### Task instructions:
Below are entries. Copy exactly the lines running from the line that holds "TV and multimedia, Bed" to the line that holds "Hydroxysteroid dehydrogenase molecule", with both ends included.

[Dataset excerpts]
=-=-=-=-=

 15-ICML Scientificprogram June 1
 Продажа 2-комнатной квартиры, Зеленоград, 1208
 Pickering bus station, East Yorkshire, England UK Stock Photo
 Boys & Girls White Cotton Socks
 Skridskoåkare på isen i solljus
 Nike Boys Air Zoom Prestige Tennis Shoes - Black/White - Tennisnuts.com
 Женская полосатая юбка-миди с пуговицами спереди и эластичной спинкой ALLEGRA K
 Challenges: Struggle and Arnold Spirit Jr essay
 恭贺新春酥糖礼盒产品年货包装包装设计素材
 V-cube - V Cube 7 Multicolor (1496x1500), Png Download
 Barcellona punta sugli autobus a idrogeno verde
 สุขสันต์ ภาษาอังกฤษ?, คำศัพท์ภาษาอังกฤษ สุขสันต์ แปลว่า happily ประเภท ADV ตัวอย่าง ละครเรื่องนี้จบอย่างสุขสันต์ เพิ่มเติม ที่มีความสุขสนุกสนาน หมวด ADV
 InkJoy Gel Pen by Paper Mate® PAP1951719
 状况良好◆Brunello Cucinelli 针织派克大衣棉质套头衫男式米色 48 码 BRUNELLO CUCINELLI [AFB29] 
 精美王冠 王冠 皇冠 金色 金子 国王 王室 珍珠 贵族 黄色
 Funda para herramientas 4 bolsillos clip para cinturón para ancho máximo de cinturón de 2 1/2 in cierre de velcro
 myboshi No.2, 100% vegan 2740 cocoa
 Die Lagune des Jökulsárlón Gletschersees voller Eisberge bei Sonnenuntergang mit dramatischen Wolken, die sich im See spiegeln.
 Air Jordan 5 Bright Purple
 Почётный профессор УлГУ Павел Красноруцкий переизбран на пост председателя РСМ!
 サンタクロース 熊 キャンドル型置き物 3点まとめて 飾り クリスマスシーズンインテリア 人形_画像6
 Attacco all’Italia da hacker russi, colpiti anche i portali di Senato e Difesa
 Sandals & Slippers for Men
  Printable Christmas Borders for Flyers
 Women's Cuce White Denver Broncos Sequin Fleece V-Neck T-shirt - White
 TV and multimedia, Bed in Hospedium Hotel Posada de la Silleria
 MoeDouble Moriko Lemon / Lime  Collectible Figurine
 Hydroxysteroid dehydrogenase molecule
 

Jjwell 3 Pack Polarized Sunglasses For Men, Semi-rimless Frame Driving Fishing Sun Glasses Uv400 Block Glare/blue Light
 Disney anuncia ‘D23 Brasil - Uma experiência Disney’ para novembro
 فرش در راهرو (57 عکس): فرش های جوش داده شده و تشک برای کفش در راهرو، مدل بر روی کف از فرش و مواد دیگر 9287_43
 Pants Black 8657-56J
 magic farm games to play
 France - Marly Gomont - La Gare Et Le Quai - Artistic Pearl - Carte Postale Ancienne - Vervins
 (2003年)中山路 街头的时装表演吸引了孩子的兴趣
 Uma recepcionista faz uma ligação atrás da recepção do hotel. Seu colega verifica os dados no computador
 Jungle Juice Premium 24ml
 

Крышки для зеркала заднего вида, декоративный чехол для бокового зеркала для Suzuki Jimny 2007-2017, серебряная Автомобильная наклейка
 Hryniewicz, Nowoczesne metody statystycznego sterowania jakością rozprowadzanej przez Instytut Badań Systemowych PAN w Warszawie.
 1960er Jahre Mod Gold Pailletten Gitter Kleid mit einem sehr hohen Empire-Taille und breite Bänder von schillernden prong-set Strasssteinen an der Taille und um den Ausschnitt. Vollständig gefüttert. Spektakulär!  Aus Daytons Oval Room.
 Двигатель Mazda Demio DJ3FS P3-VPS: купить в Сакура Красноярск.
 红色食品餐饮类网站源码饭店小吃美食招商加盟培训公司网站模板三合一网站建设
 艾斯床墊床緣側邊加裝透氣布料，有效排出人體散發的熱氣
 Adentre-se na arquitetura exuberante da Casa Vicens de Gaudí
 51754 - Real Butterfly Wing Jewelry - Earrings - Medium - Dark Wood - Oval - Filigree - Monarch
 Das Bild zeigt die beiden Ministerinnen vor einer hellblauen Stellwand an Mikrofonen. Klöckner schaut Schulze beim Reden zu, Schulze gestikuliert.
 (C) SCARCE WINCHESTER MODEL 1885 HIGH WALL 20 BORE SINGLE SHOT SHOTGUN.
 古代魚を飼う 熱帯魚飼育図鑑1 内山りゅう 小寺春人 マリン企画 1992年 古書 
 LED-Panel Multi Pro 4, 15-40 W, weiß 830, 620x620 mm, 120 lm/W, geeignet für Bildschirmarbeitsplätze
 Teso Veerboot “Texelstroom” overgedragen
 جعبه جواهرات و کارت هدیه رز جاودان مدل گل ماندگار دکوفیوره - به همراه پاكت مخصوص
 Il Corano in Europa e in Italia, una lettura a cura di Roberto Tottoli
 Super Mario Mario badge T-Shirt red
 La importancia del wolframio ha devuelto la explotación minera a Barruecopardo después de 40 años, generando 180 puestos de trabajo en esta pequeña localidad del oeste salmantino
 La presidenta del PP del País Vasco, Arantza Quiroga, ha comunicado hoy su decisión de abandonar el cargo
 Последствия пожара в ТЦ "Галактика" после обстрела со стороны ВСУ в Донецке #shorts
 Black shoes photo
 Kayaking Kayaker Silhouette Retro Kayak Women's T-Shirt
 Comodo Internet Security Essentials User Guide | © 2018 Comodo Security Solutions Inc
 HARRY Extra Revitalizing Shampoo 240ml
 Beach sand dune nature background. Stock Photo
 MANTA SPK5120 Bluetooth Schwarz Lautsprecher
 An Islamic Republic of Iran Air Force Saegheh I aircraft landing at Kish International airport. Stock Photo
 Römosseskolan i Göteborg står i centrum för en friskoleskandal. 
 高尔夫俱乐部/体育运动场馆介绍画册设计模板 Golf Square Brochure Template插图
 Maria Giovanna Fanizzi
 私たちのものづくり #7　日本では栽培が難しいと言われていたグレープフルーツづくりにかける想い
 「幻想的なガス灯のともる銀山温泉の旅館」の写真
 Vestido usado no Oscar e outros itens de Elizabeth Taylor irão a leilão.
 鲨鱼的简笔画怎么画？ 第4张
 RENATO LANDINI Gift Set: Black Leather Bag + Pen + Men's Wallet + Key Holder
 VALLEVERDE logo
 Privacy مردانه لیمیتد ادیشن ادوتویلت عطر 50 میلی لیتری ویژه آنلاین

=-=-=-=-=

### Task solution:
 TV and multimedia, Bed in Hospedium Hotel Posada de la Silleria
 MoeDouble Moriko Lemon / Lime  Collectible Figurine
 Hydroxysteroid dehydrogenase molecule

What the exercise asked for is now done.